[SOURCE DATA — start]
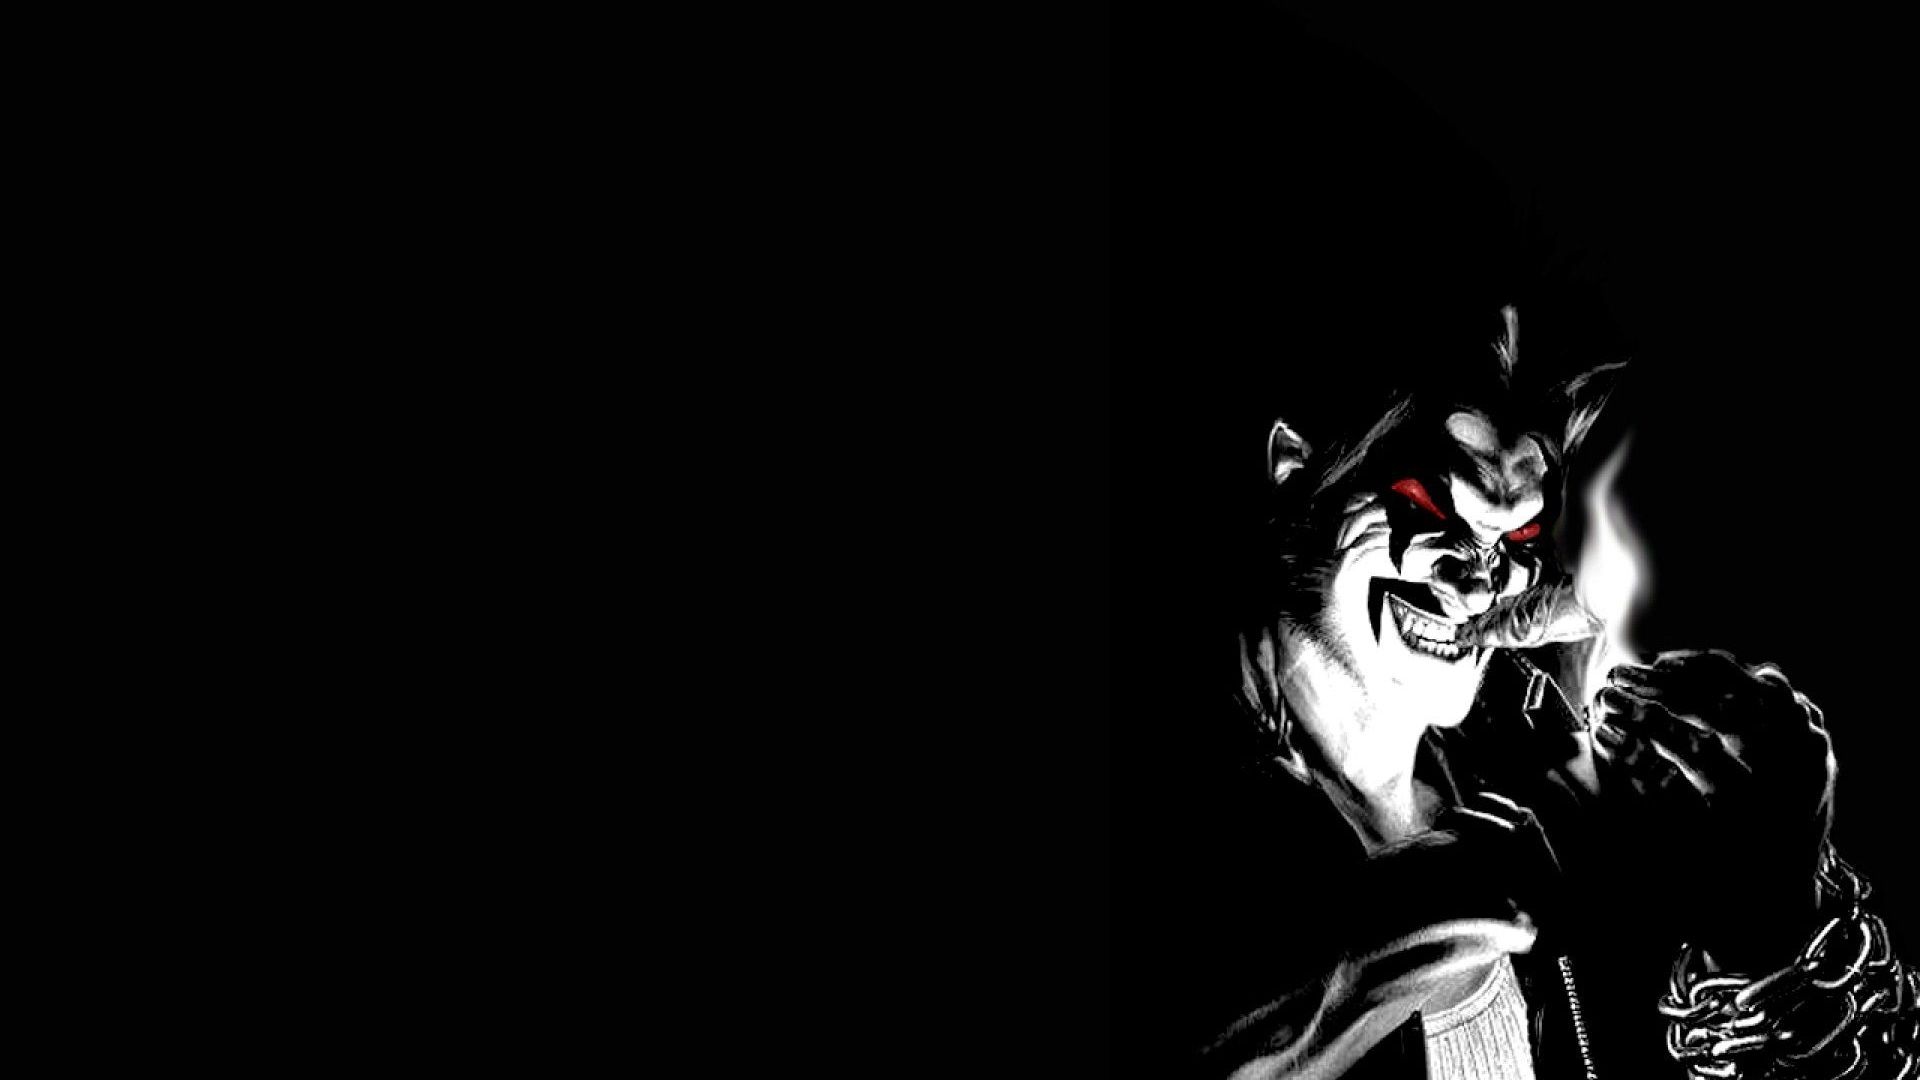 Free download Horror Anime 4K Wallpaper Top Horror Anime 4K Background [1920x1200] for your Desktop, Mobile & Tablet. Explore 4k Black Anime Wallpaperk Black Anime Wallpaper, 4K Anime
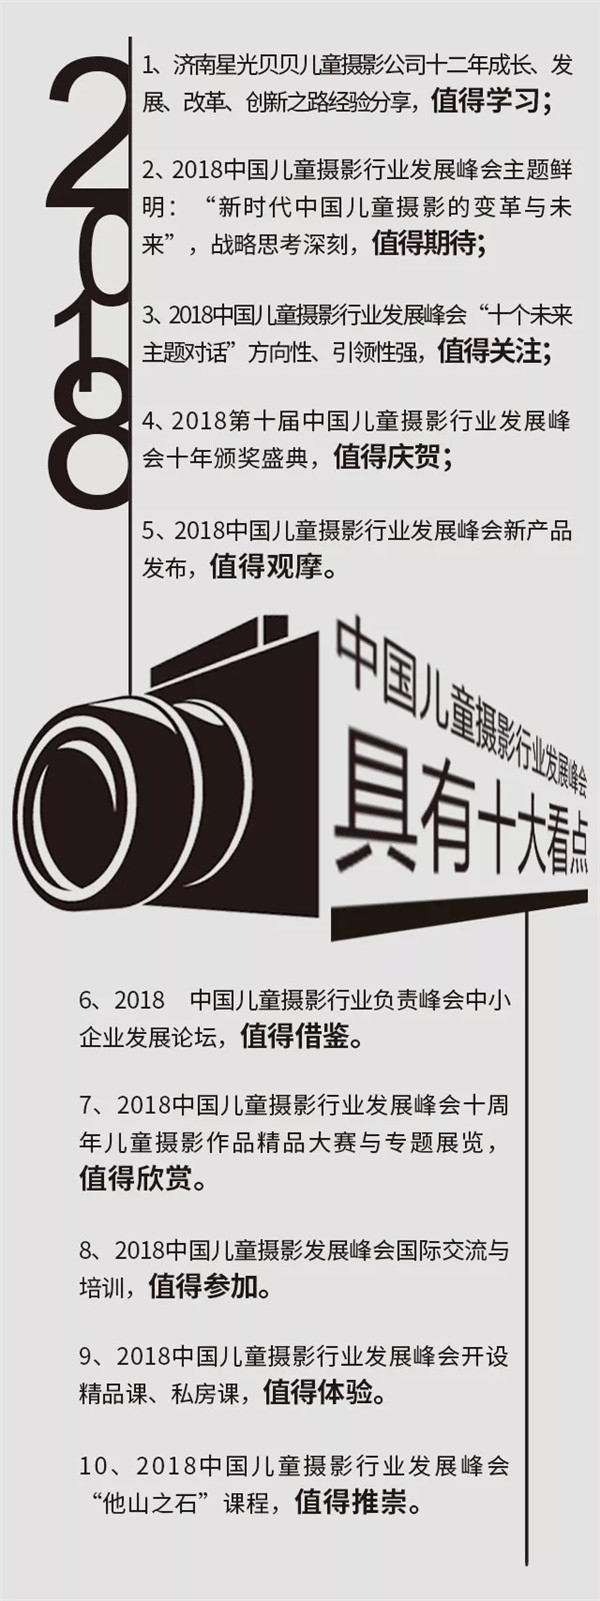 第十届儿童摄影行业发展峰会11月11日将于济南举办
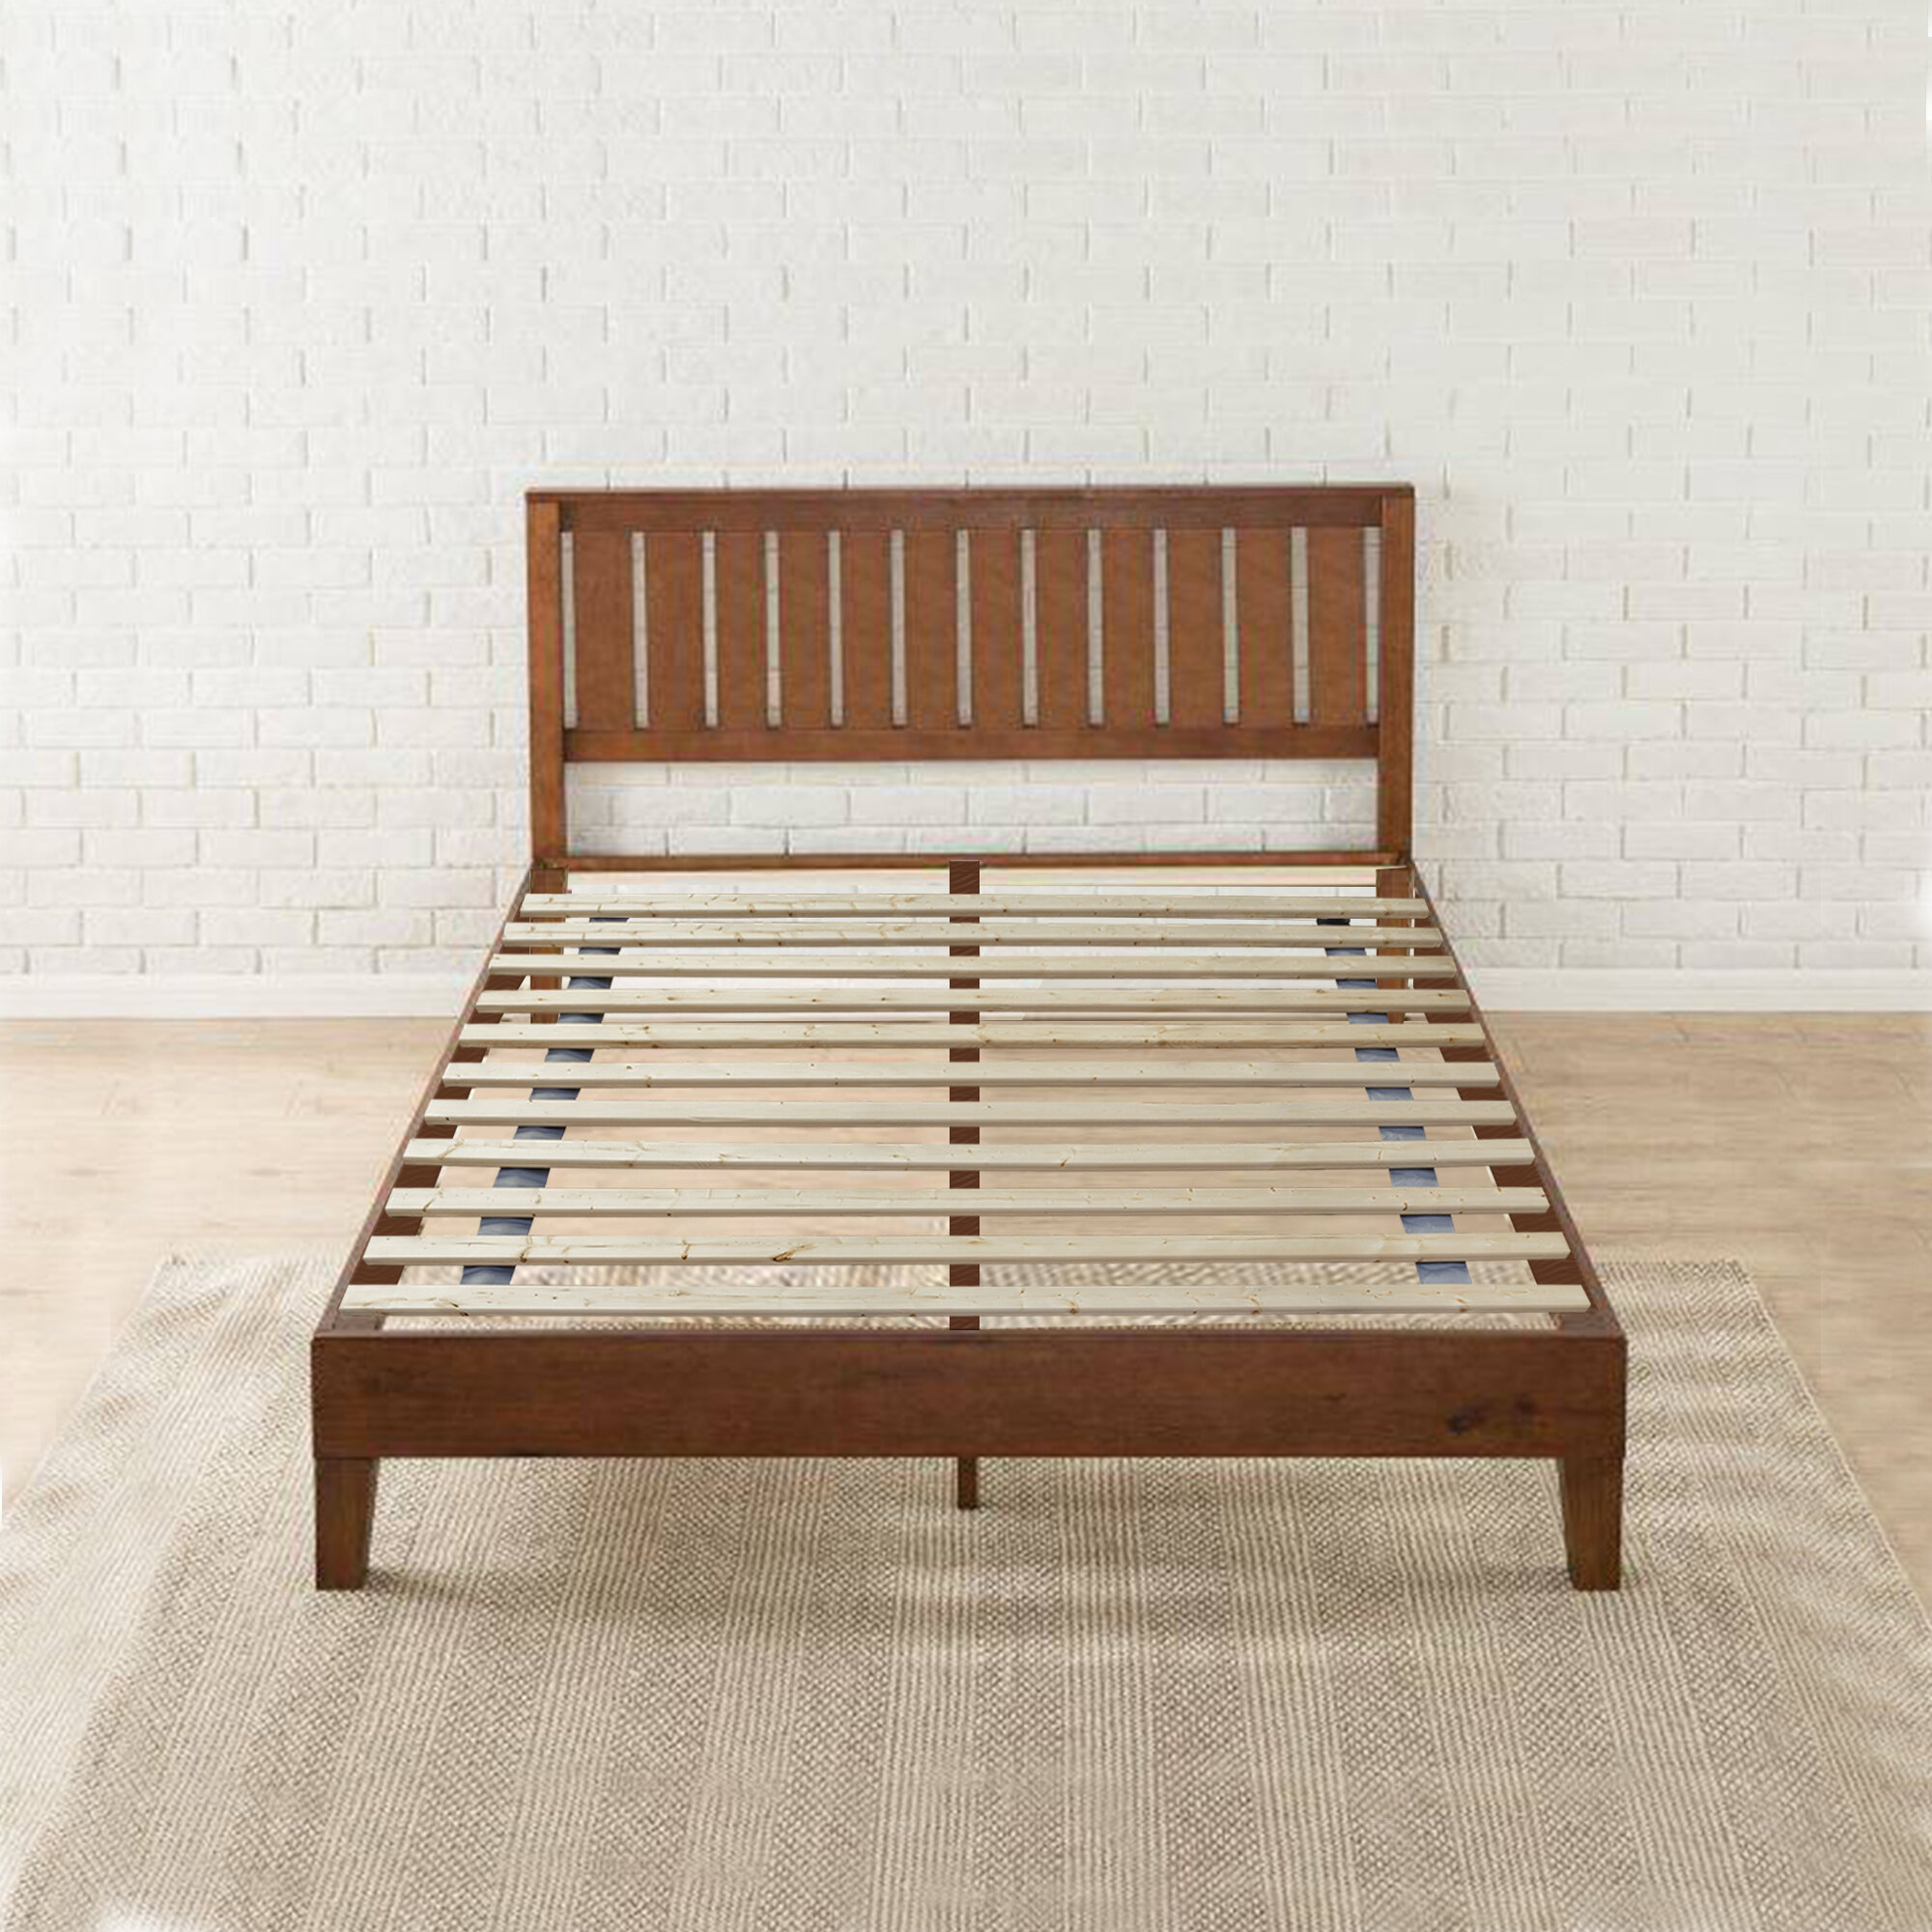 wooden bed slats queen
[SOURCE DATA — finish]
WHAT IS NEEDED >>
Repeat every line of the data exactly, but do not include pictures.

WRITTEN REPLY >>
 Free download Horror Anime 4K Wallpaper Top Horror Anime 4K Background [1920x1200] for your Desktop, Mobile & Tablet. Explore 4k Black Anime Wallpaperk Black Anime Wallpaper, 4K Anime
 第十届儿童摄影行业发展峰会11月11日将于济南举办
 wooden bed slats queen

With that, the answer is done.